How Social Media is Affecting Our Ability to Have Meaningful Conversations

In addition to the isolation and restrictions caused by COVID, before that, social media platforms such as Instagram, Twitter, Whatsapp, Facetime and Zoom have severely restricted peoples’ face-to-face conversations. In addition we can talk to virtual virtual assistants such as Alexa, Cortana or Siri — commanding them to play our favourite songs, films, or tell us the weather forecast.

Often these ways of communicating have cut the need or preference to having in person conversations. This has led to some of the conversational snippets of our daily lives now taking place mainly via technological devices.
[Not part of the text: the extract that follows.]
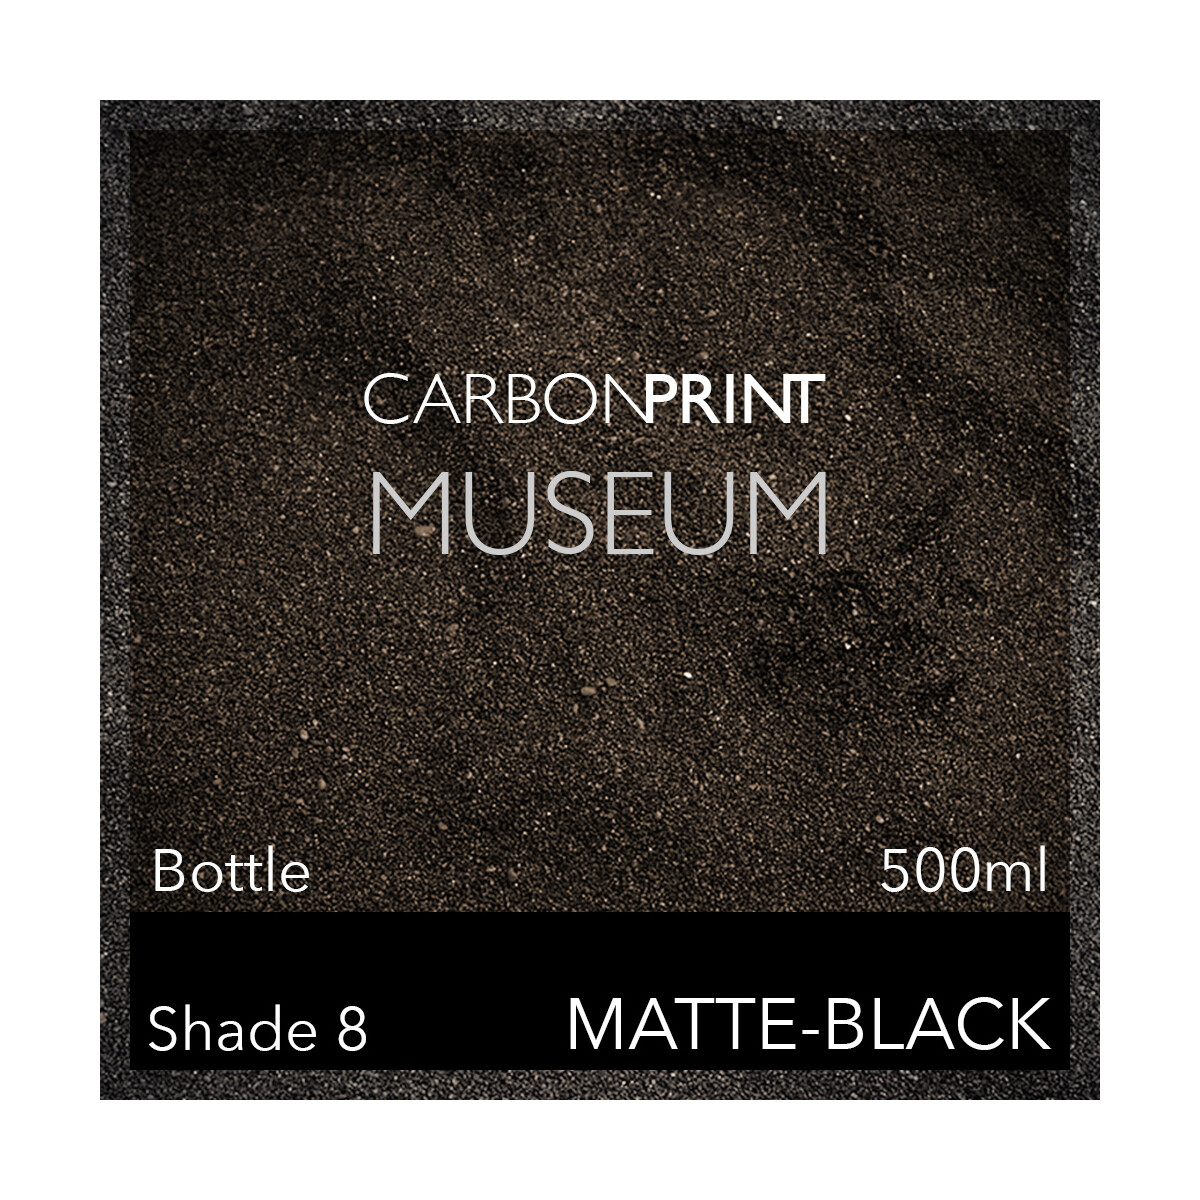 Carbonprint Museum Bottle Position K 500ml

We no longer need to talk with shop assistants, receptionists, bus drivers or even coworkers, we simply engage with a screen to communicate whatever it is we want to say.

For many people the only time they may have in person conversations is when their digital technology is not available or doesn’t work. For instance, human contact occurs when we call for an assistant to help us when an item is not recognised at the self-service checkout.
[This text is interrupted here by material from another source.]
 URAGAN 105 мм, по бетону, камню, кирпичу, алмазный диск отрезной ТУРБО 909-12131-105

As a result, people are devaluing the importance of having personal conversations other than the quick transactional ones. It seems easier to text someone rather than meet with them.

Melanie Chan at Leeds Becket University has done some research into digital technologies and indicates that phrases such as “word of mouth” or “keeping in touch” point to the importance of face-to-face conversation.Indeed, face-to-face conversation can strengthen social ties: with our neighbours, friends, work colleagues and other people we encounter during our day.

Chan argues that face to face conversations acknowledges peoples’ existence, their humanness, in ways that instant messaging and texting do not. Face-to-face conversation is a rich experience that involves drawing on memories, making connections, making mental images, associations and choosing a response. Face-to-face conversation is also multisensory: it’s not just about sending or receiving pre-programmed trinkets such as likes, cartoon love hearts and grinning yellow emojis.

When having a conversation using video you mainly see another person’s face only as a flat image on a screen. But when we have a face-to-face conversation in real life, we can look into someone’s eyes, reach out and touch them. We can also observe the other person’s body posture and the gestures they use when speaking — and interpret these accordingly. All these factors, contribute to the sensory intensity and depth of the face-to-face conversations we have in daily life.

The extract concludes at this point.